Yahoo! submitted comments to Docket No. FDA‐2009‐N‐0441 regarding Promotion of FDA‐Regulated Medical Products Using the Internet and Social Media Tools (find it here).
In defense of the "one-click rule" for space-limited "generic" search ads and "Rich Ads in Search (RAIS)," Yahoo! presented a study that purports to prove that "When it comes to side effects... the patient mindset appears to be ambivalent until research for an ailment is needed" (see Exhibit A (pdf)). The following chart was offered in evidence:
It's not clear from Yahoo!'s comments whether or not respondents to their survey were asked to look at specific online ads. Recall that Merck, in its defense of the "one-click rule," did a study that asked respondents opinions about specific ads they were shown (see "Merck Says FDA Should Approve the 'One-Click Rule'").

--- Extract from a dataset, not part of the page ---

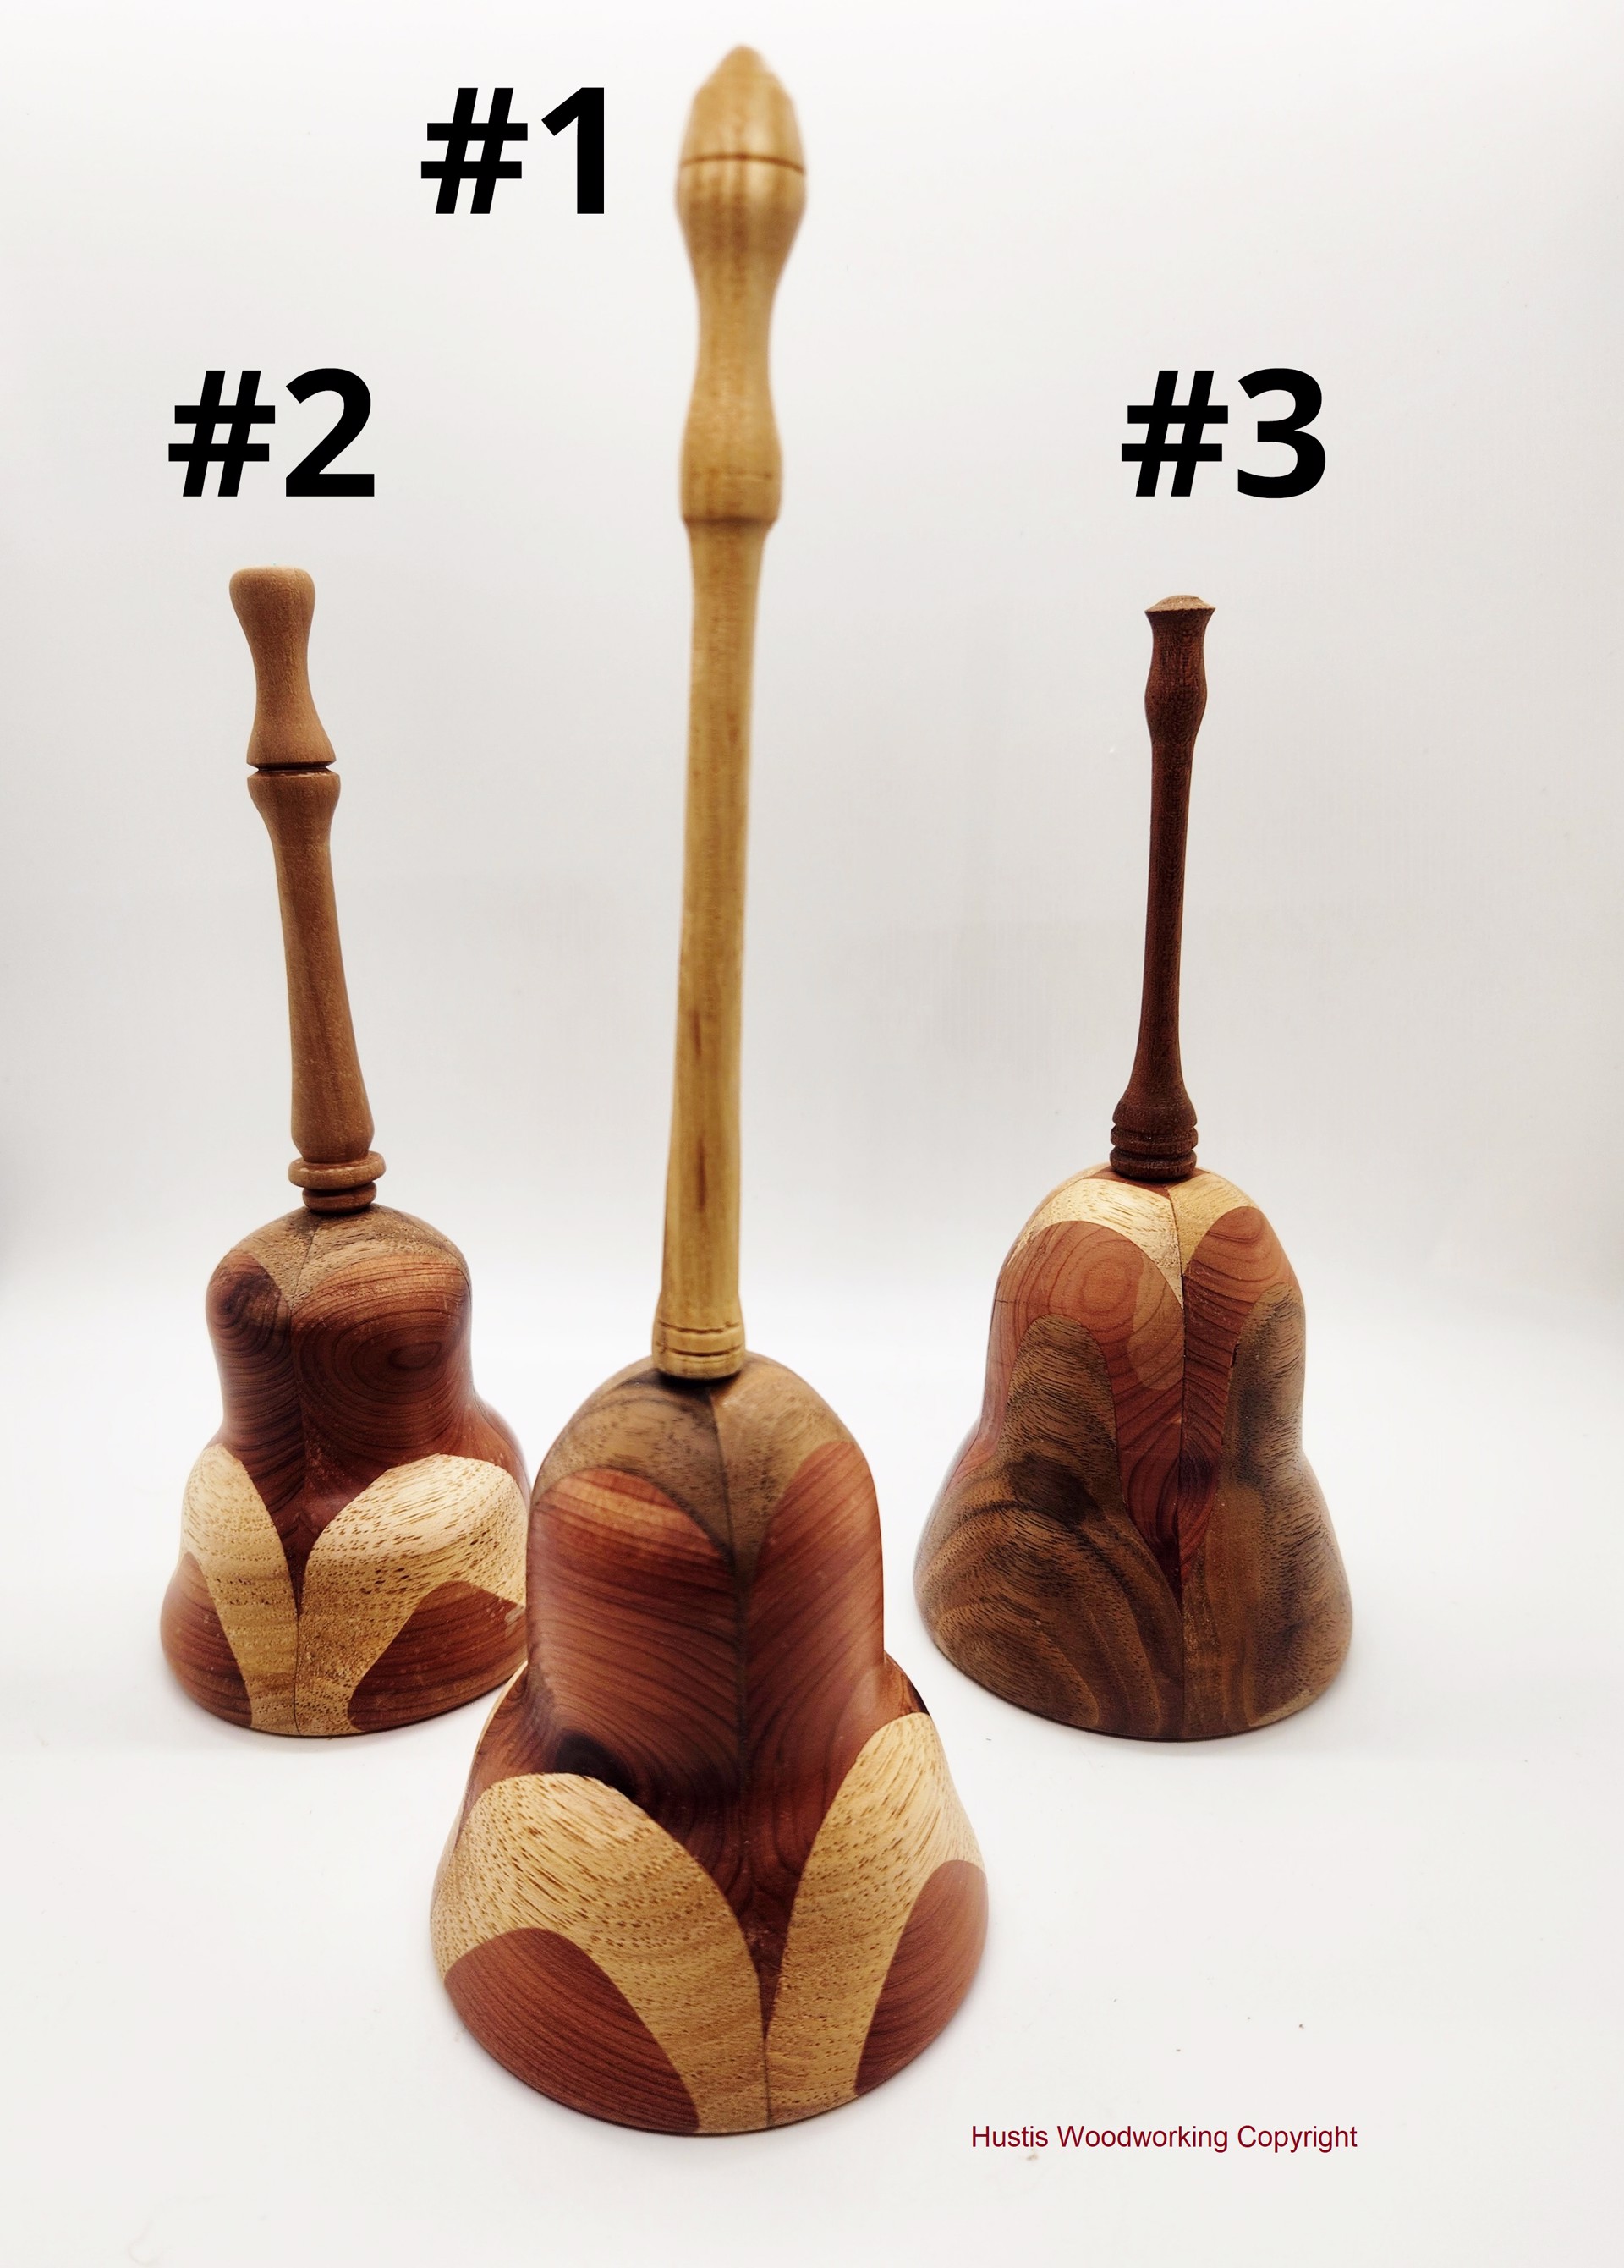 Bell (Segmented Wood) #3 by Mark Hustis
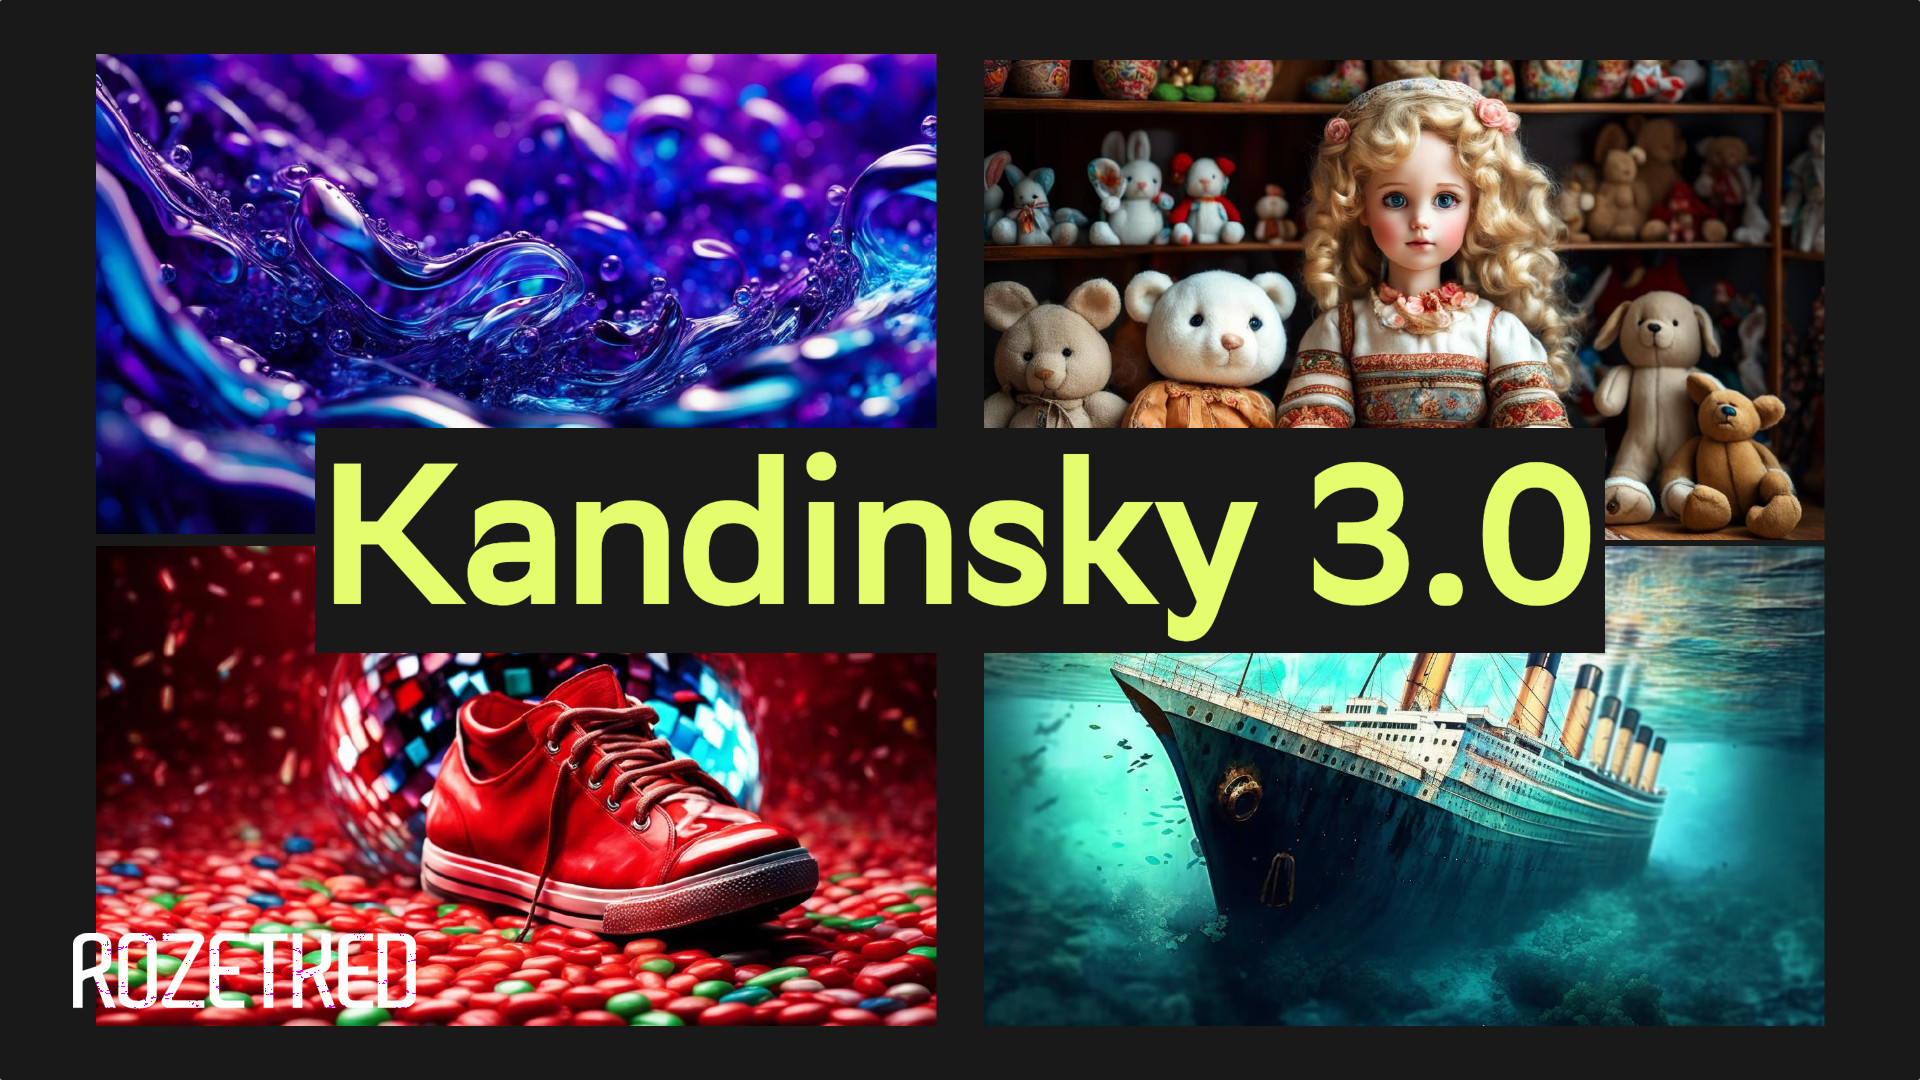 «Сбер» представил новую версию нейромодели для генерации изображений — Kandinsky 3.0

A bigger problem I have with these data is that they do not support Yahoo!'s conclusion. Although 23-26% of respondents claim they agreed or strongly agreed with the statements, twice as many (43-45%) must have said they disagreed or strongly disagreed! I contend, therefore, that these results DO NOT prove the point that Yahoo! was trying to make. In fact, the data prove just the opposite: patients DO pay attention to medication side effects in online advertising BEFORE they ask their doctors or research it more online!
Am I not seeing something that I should be seeing in these data? Take a look at Exhibit A (pdf) yourself and tell me what you think.